I haven't written a lot lately. I guess I am busy discovering...the hell I'm just busy with work. This pricing analyst in training has traded her high heels to flats and geeky glasses while crunching numbers five days a week. I also started going to the gym - twice, even thrice a week.
House issues are the same but I am able to elude the stupidity of my grandmother and uncle. Most of the time I arrive really late and leave really early. During weekends, they allow me to be a bum given the nature of my work. It is more fun now since my uncle is busy with a project outside the city so I rarely see him. For now things are fine at home.
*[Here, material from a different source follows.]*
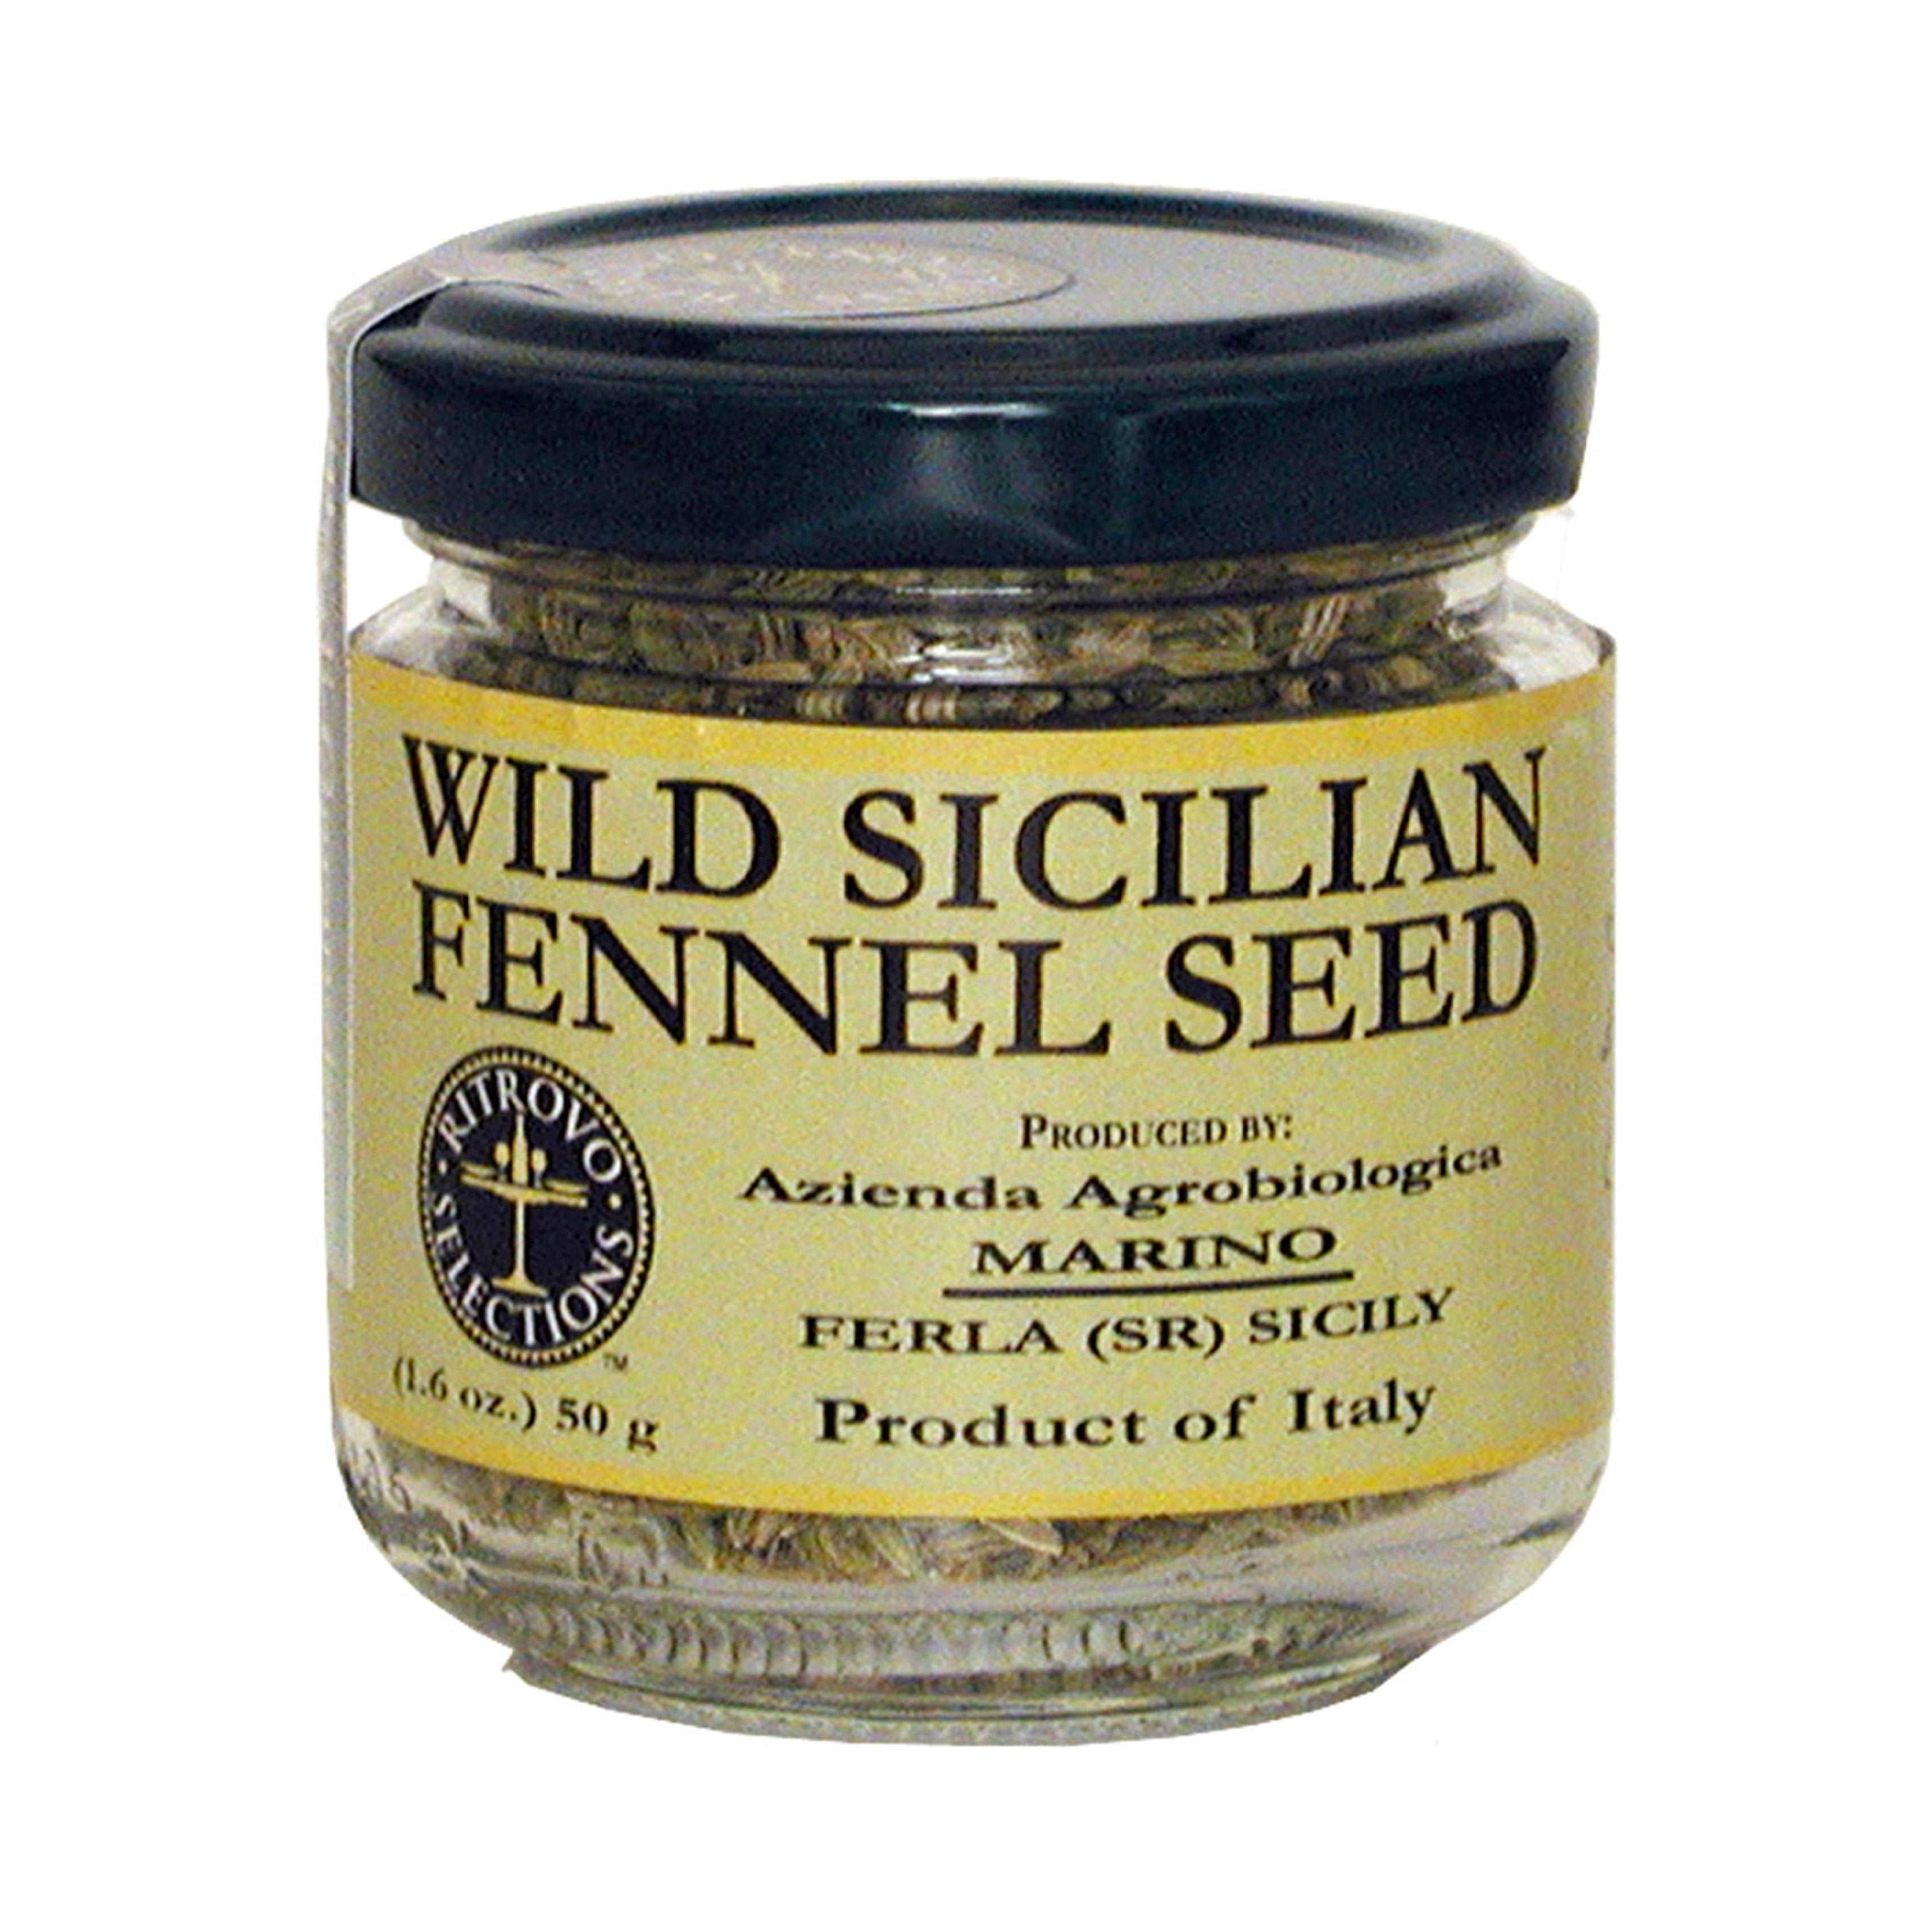 Harvesting Fennel Seeds - How to Harvest Wild Fennel Seeds

Everything seems perfect up to today. I just received a bummer email from my mom about our finances. Hence my gym membership will be on hold after my contract ends as I have to help out in our expenses. Have to shell out a portion of my salary to pay for our utilities. She sent a very lengthy email about power over money and that this is just a temporary situation which we will eventually overcome. I mean honestly, I know we will and by some miracle we were able to surpass some of our financial issues before.
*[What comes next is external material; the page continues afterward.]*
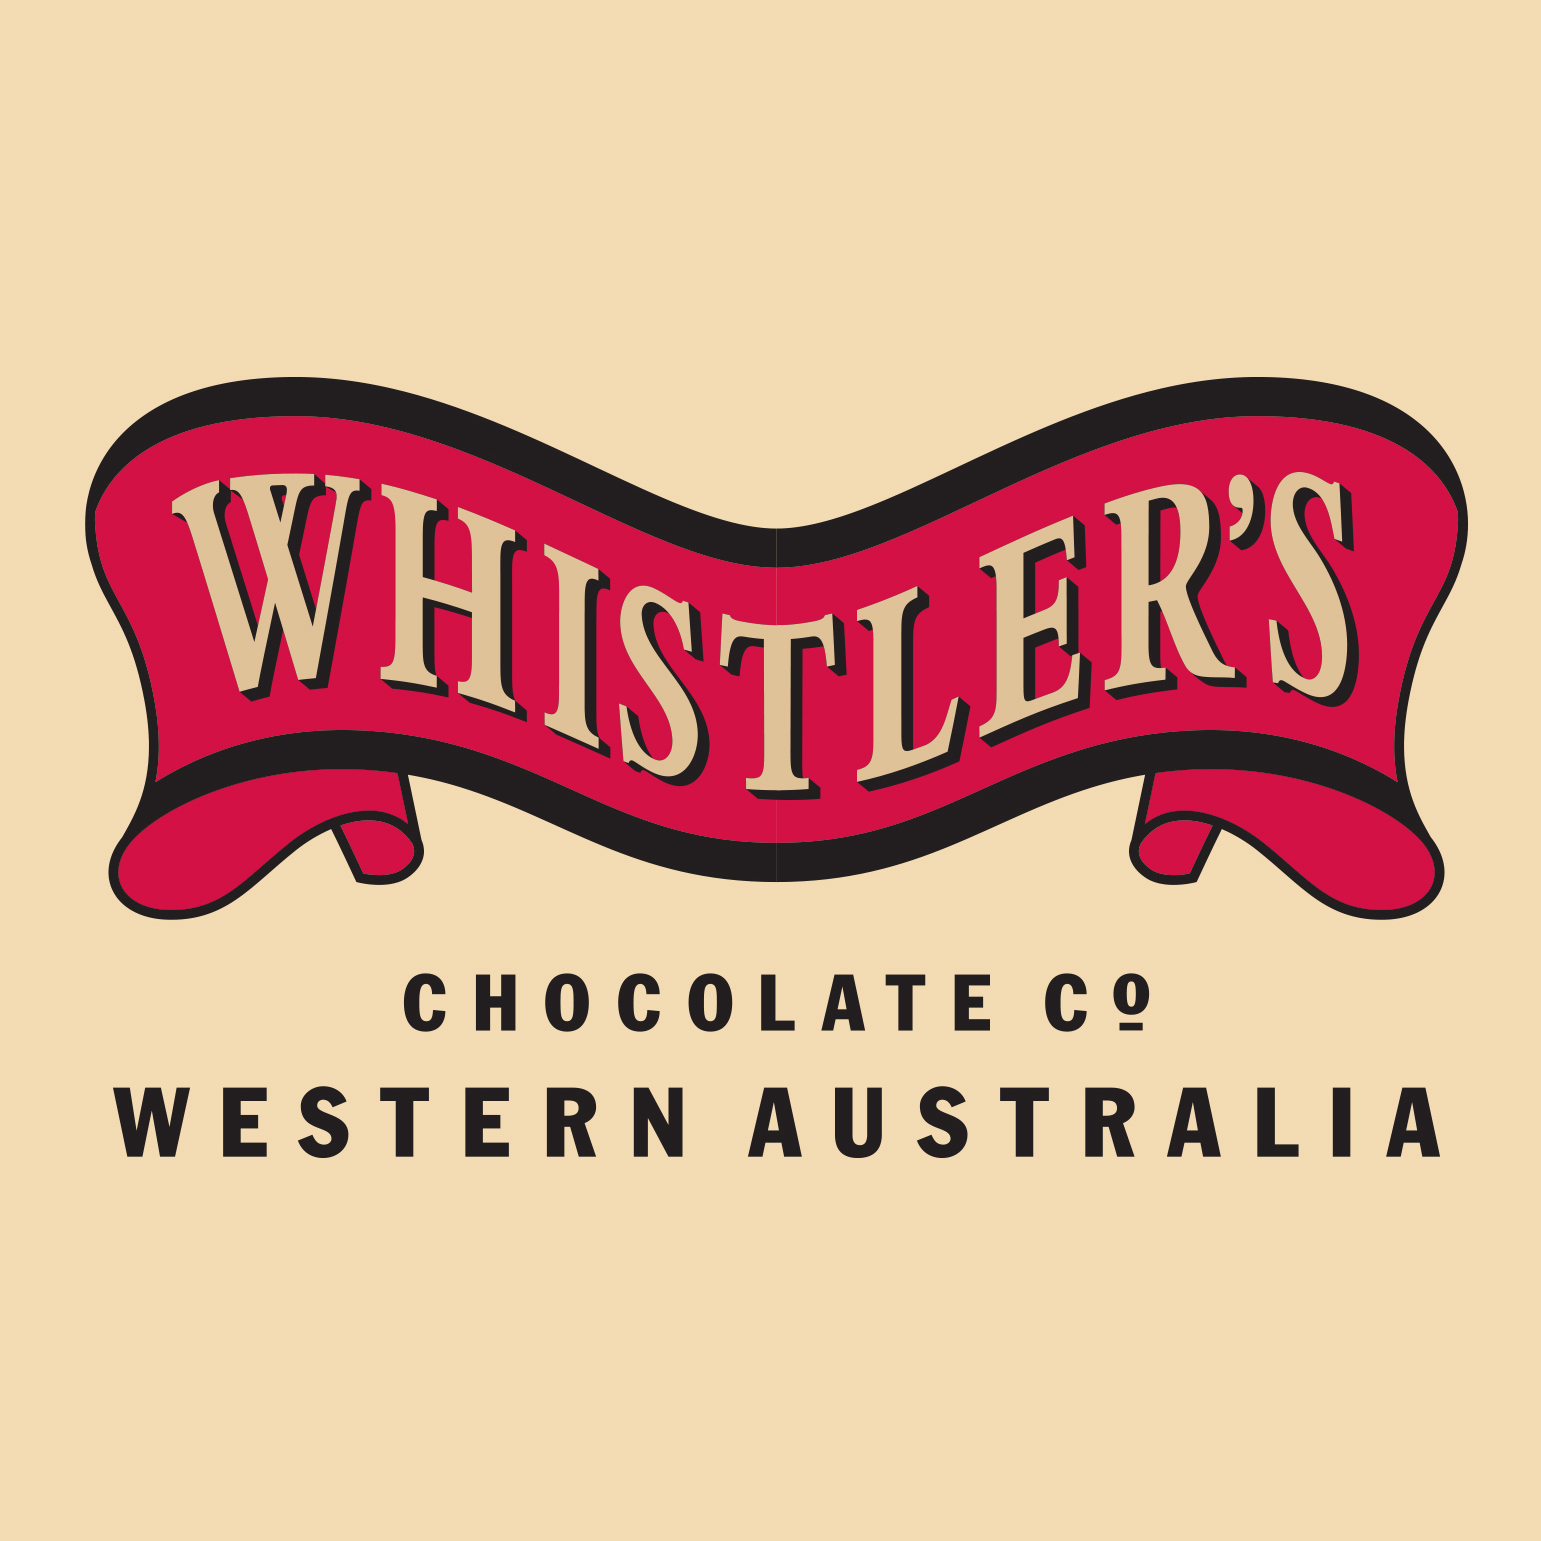 Whistler's Chocolate Company

I have no issues helping. It just bugs me that yet again, the youngest sibling will be the one to give up his youth for someone else's benefit.
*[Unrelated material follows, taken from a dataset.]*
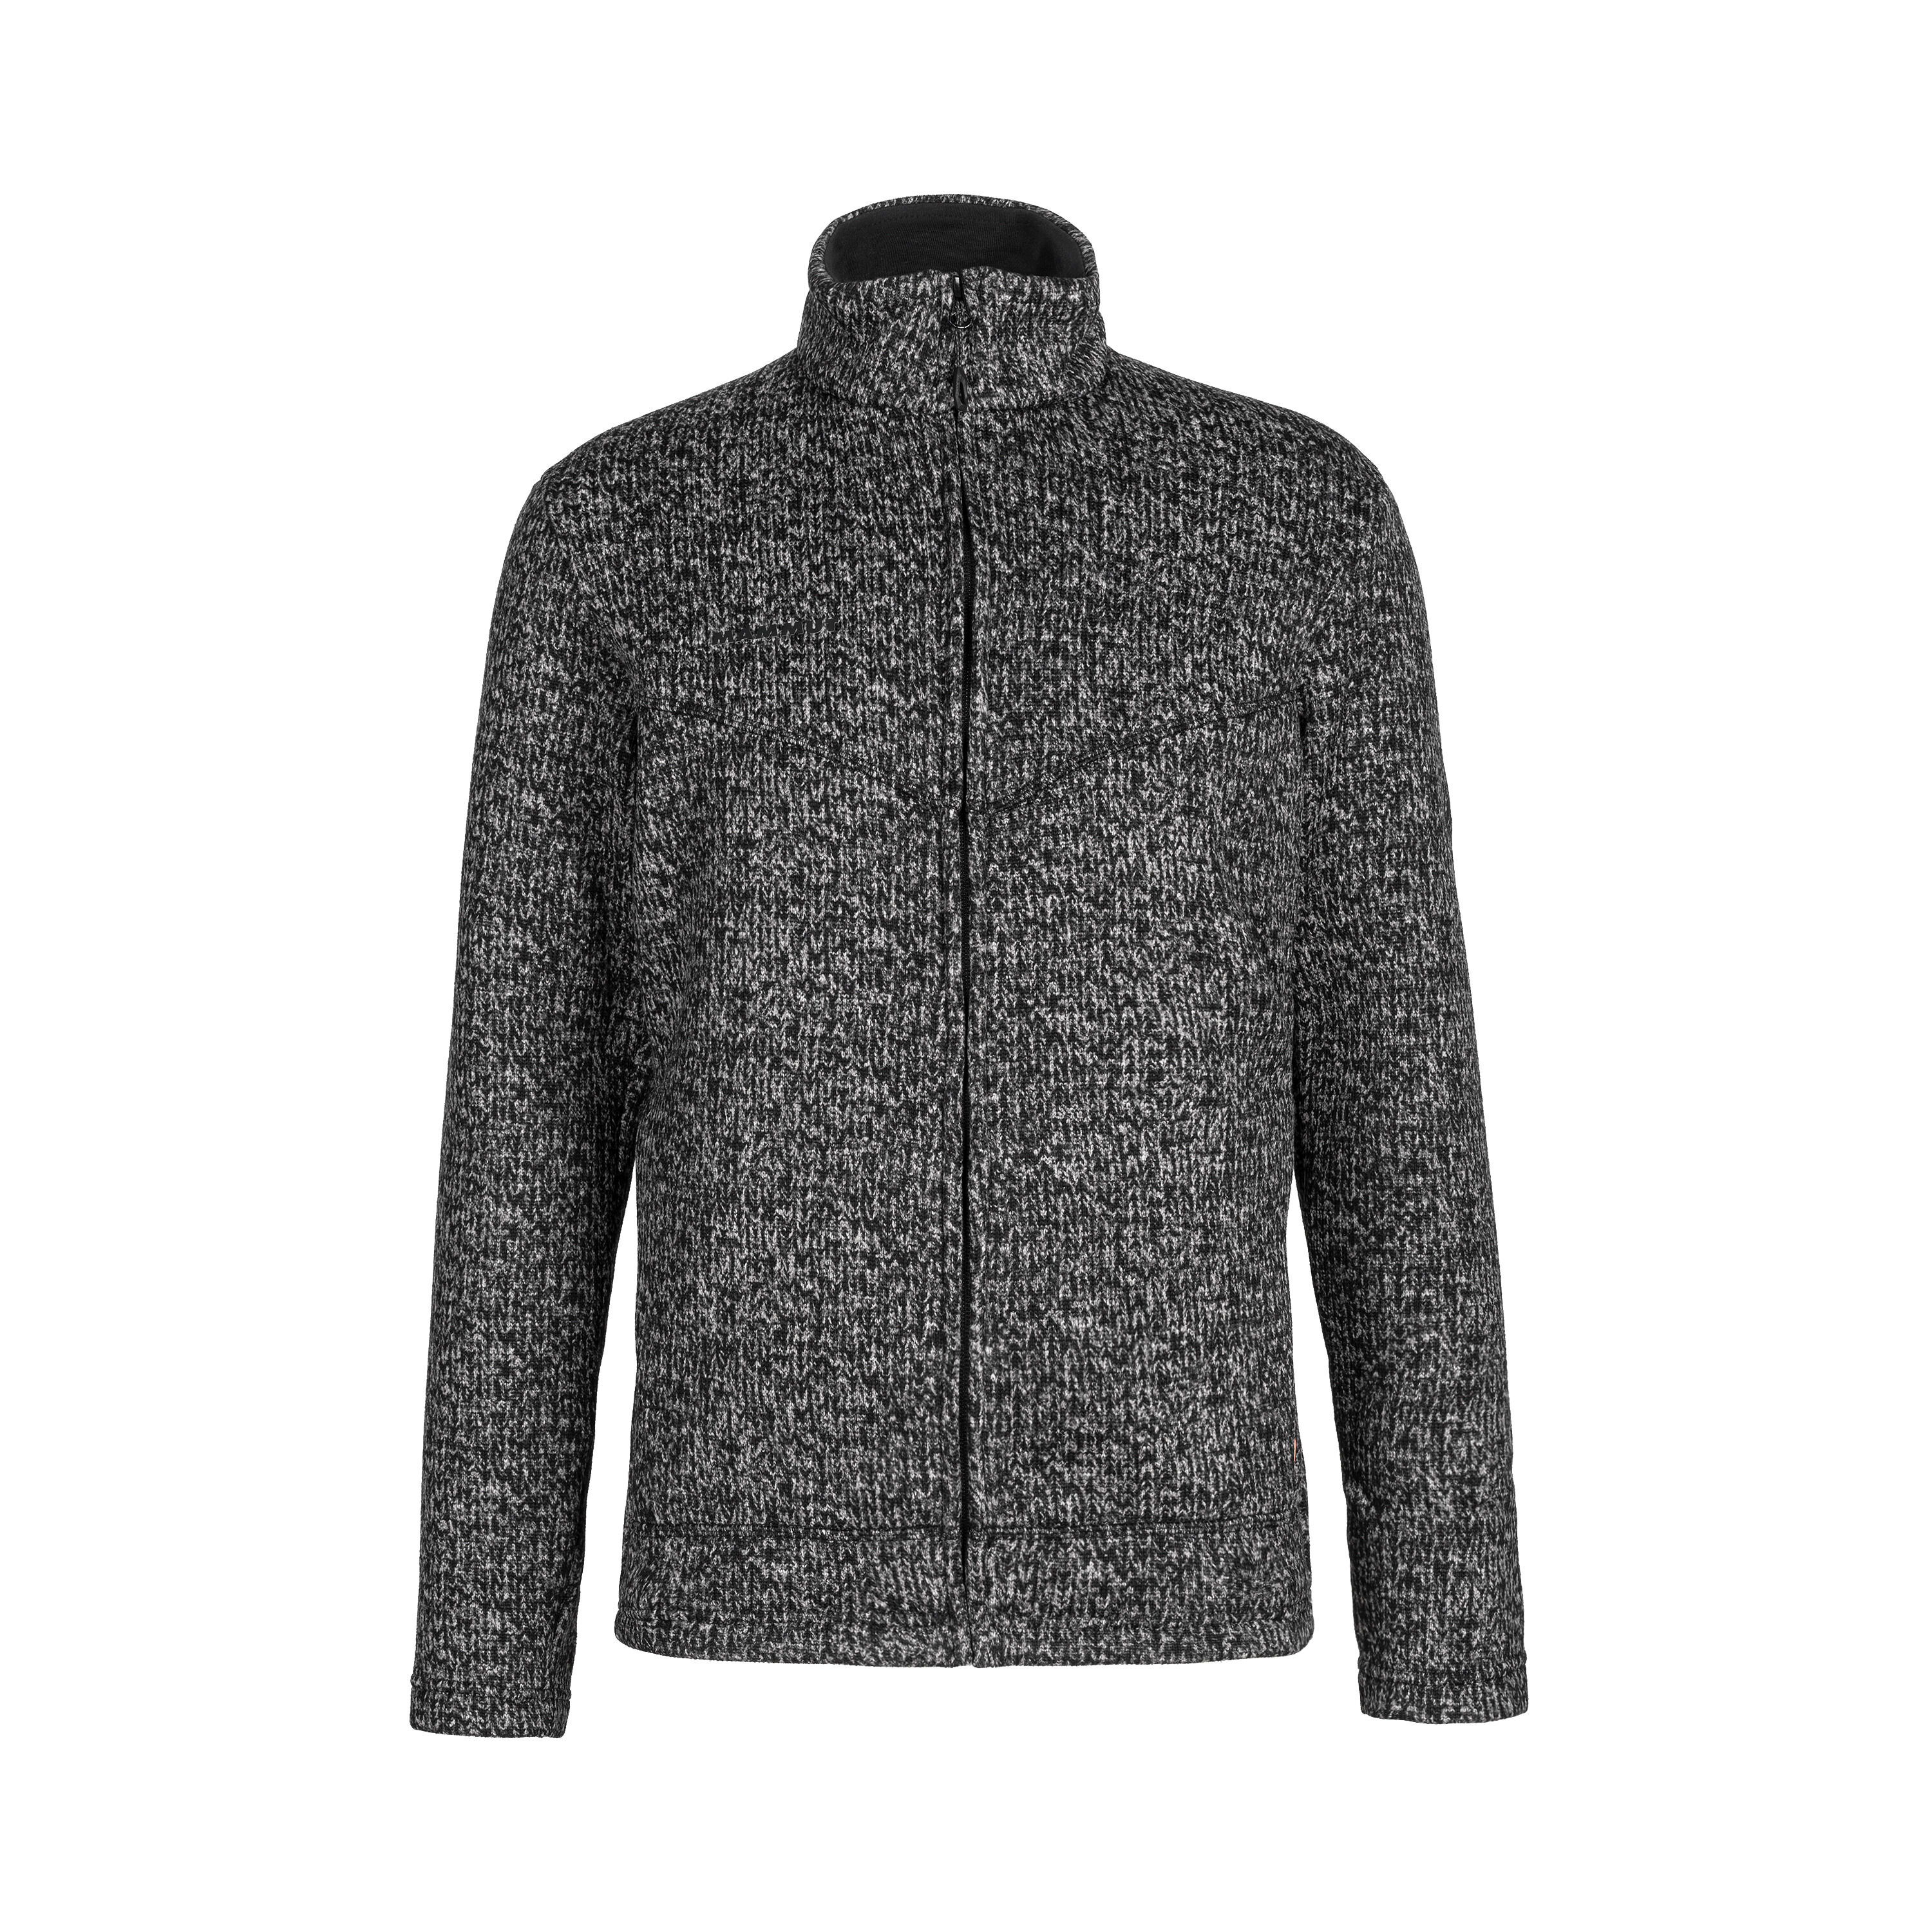 Mammut Chamuera ML Jacket - Fleece jacket - Men's

Our financial issues started when I was in college. We had to cut back with a lot of things. Things that my older siblings had the privilege of having. I promised myself that I'll graduate early as to help out, and so I did. I sort of had to grow up faster and was force to let go of my little joys in life. Now that I'm earning, I am able to spend things for myself yet this happen (again) so I guess I have to return to my sacrifices.
The sad part is, I often feel that they don't care. It irritates me, a lot.
Power over money. I don't have any issues with this one. I just have problems with me giving up my time for myself. That thing that I gave up for them really early. And now I have to do it again. No one seems to notice it. I don't even have someone to compliment me for the things that I have done. But then again that's life. I just have to be strong about it.
Twenty years of concealing the cracks - what's so difficult of concealing them a little longer right? As if anyone cares.
Fake it till you make it. Cheers to broken dreams.